Another intensively studied disease where the ability to alter splicing would clearly have therapeutic benefit is spinal muscular atrophy (SMA). This disease is caused by mutations in the gene SMN that result in a loss of SMN protein, a ubiquitously expressed protein involved in a process - the assembly of snRNPs - that is common to all cells. In addition to describing new results on the mechanism of snRNP assembly by the SMN protein, Utz Fischer (University of Würzburg, Germany) presented a zebrafish model of SMA. One unanswered question posed by SMA is why the loss of SMN leads specifically to motor neuron degeneration. It was not known whether this specific defect was due to a function of SMN specific to motor neurons, or whether motor neurons are simply more dependent than other cells on SMN for its normal role in snRNP assembly. Fischer described how knocking down SMN expression in zebrafish did indeed lead to a motor neuron defect, which could be rescued by the co-injection of assembled snRNPs. This argues that the degeneration of the motor neurons is due to their special need for efficient snRNP assembly. Many approaches to altering splicing in disease genes are aimed at inducing exon skipping. This is not the case for SMA, where therapies are needed that will increase the inclusion of exon 7. Julien Marquis (University of Bern, Switzerland) described several strategies for accomplishing this using modified U7 snRNPs targeted to specific sites in the SMN transcript. These include attaching a splicing enhancer to exon 7 in trans, weakening exon 8 splicing by masking the branchpoint, and improving binding to the nonoptimal exon 7 5' splice site by a mutant U1 snRNA. All of these generated increased splicing in cell culture and are now being tested in vivo.

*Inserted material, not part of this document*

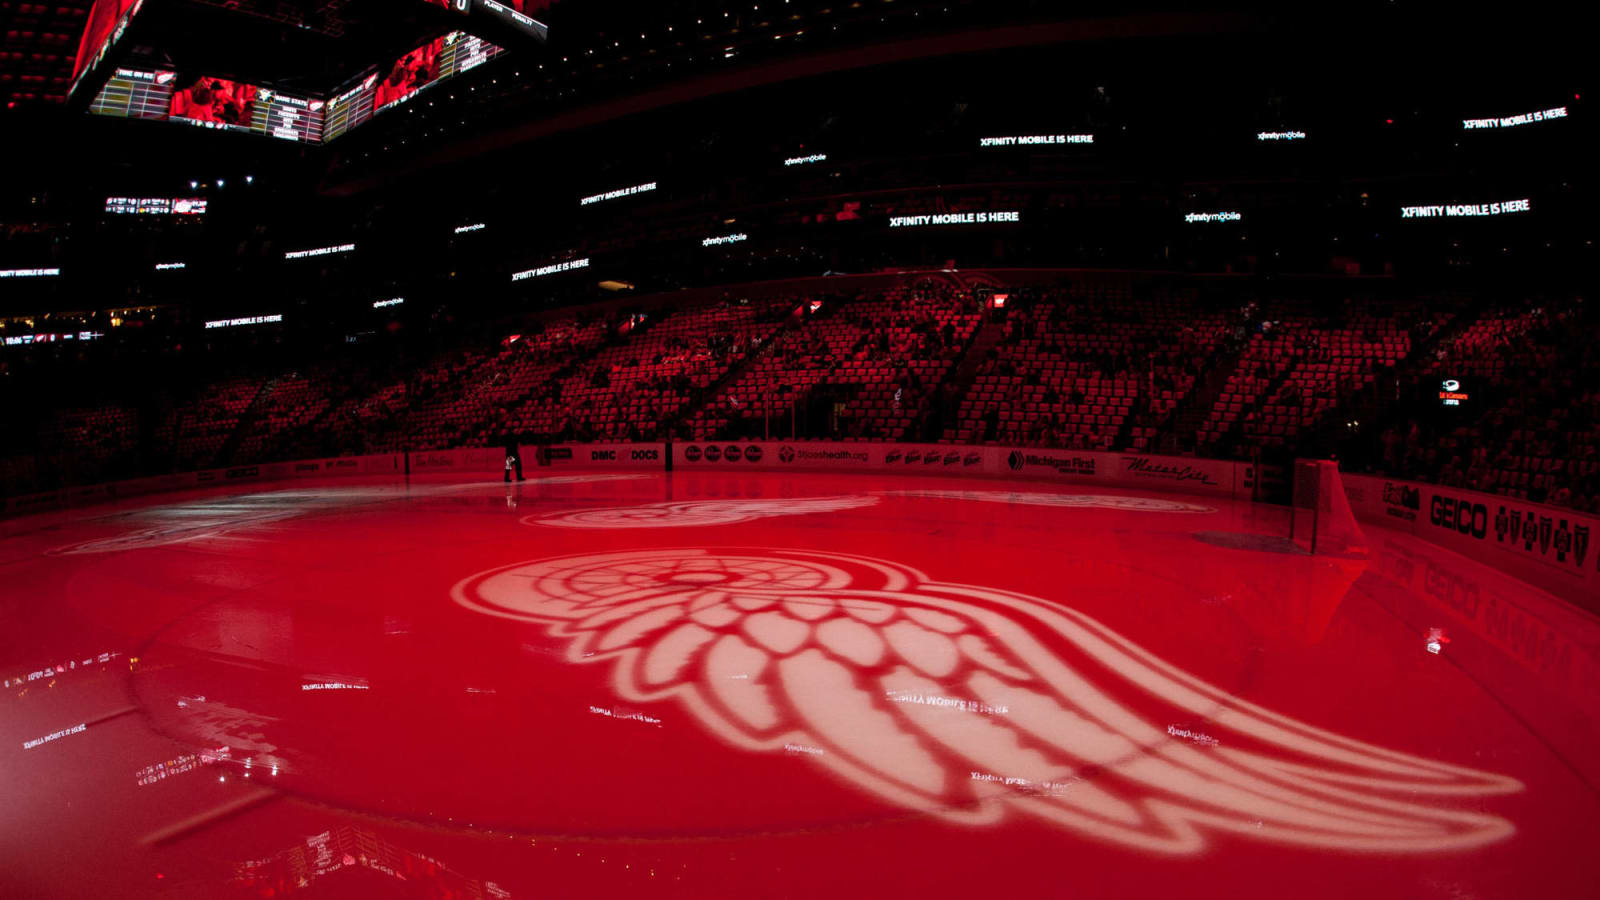 Red Wings game against Colorado on December 20 postponed due to COVID-19

The range of questions being addressed and the variety of techniques described at the meeting made clear that the field of alternative splicing studies is robust and growing (and daunting to review). Important progress has been made in a multitude of directions, but the combination of genome-wide analyses with focused genetic or biochemical assays is proving to be particularly powerful. The meeting spurred very useful dialog between these global and more focused views, and we are looking forward to the next such gathering.